Stand-up muslim comedian Humza Arshad in Whitefield school in North London works alongside Scotland Yard to help fight radicalization. (Lionel Derimais/The Washington Post)

It’s the kind of knowing humor that has made 29-year-old Humza Arshad an Internet sensation, a hero to Muslim teenagers and perhaps the most potent new weapon in Britain’s arsenal as it wages an increasingly desperate campaign to counter violent Islamist extremism.

At a time when the flow of British Muslims to the war in Syria shows no sign of ebbing, Arshad has positioned himself as the anti-Jihadi John. Like Mohammed Emwazi, the scowling Islamic State executioner, Arshad is a London-raised Muslim from an immigrant family whose face has become instantly recognizable to millions of young Brits through videos uploaded online.

But where Emwazi seeks to terrify the world and seduce fresh recruits to join his bloodthirsty crusade, Arshad’s message is precisely the opposite: Laugh at extremism; don’t fall prey to it.

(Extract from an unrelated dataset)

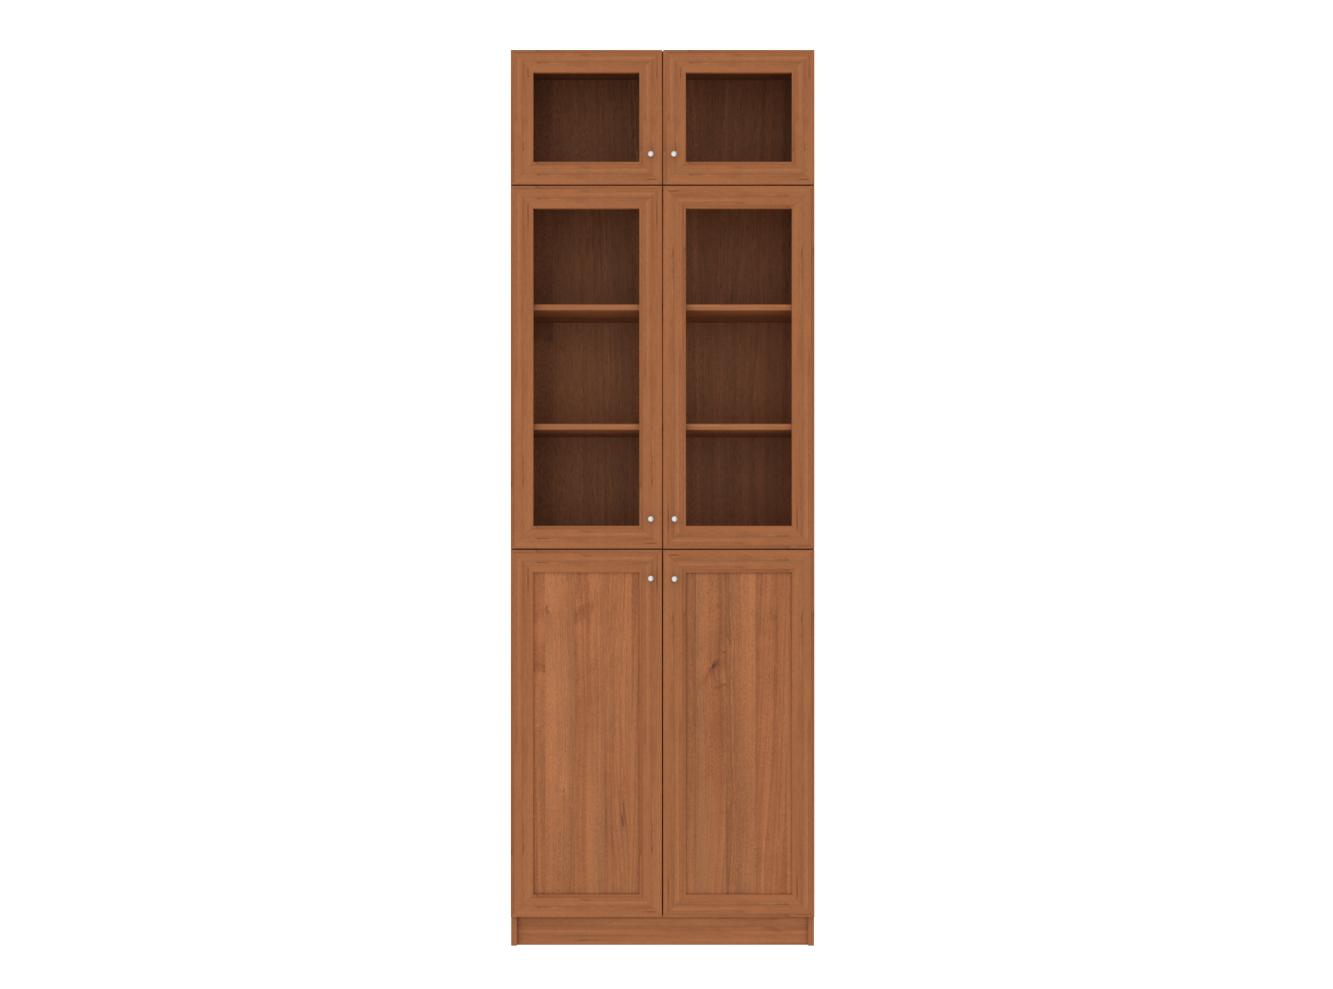  Книжный шкаф Билли 352 walnut guarneri ИКЕА (IKEA) изображение товара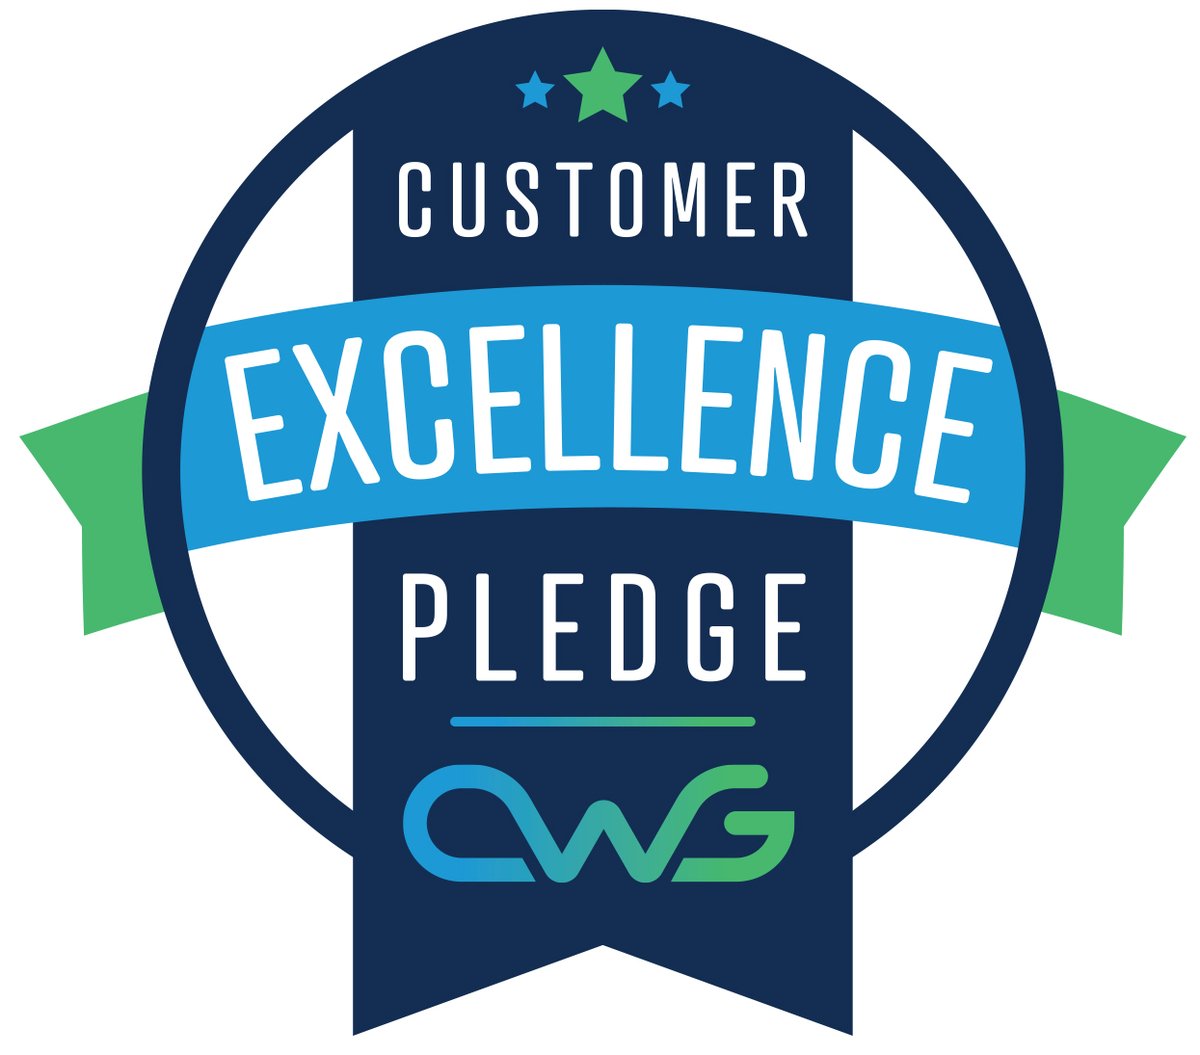 El logo de excelencia del cliente

It’s a message communicated for several years through his homemade YouTube videos, which have been viewed more than 60 million times and have made him one of the most popular online comedians in Britain.

In his “Diary of a Bad Man” series, Arshad plays a wannabe gangster who gets beaten up by girls, peed on by a fox and endlessly ridiculed by his mother. But he also manages to save his cousin from a descent into radicalism, and uses lessons from the Koran to urge others to steer away from violence.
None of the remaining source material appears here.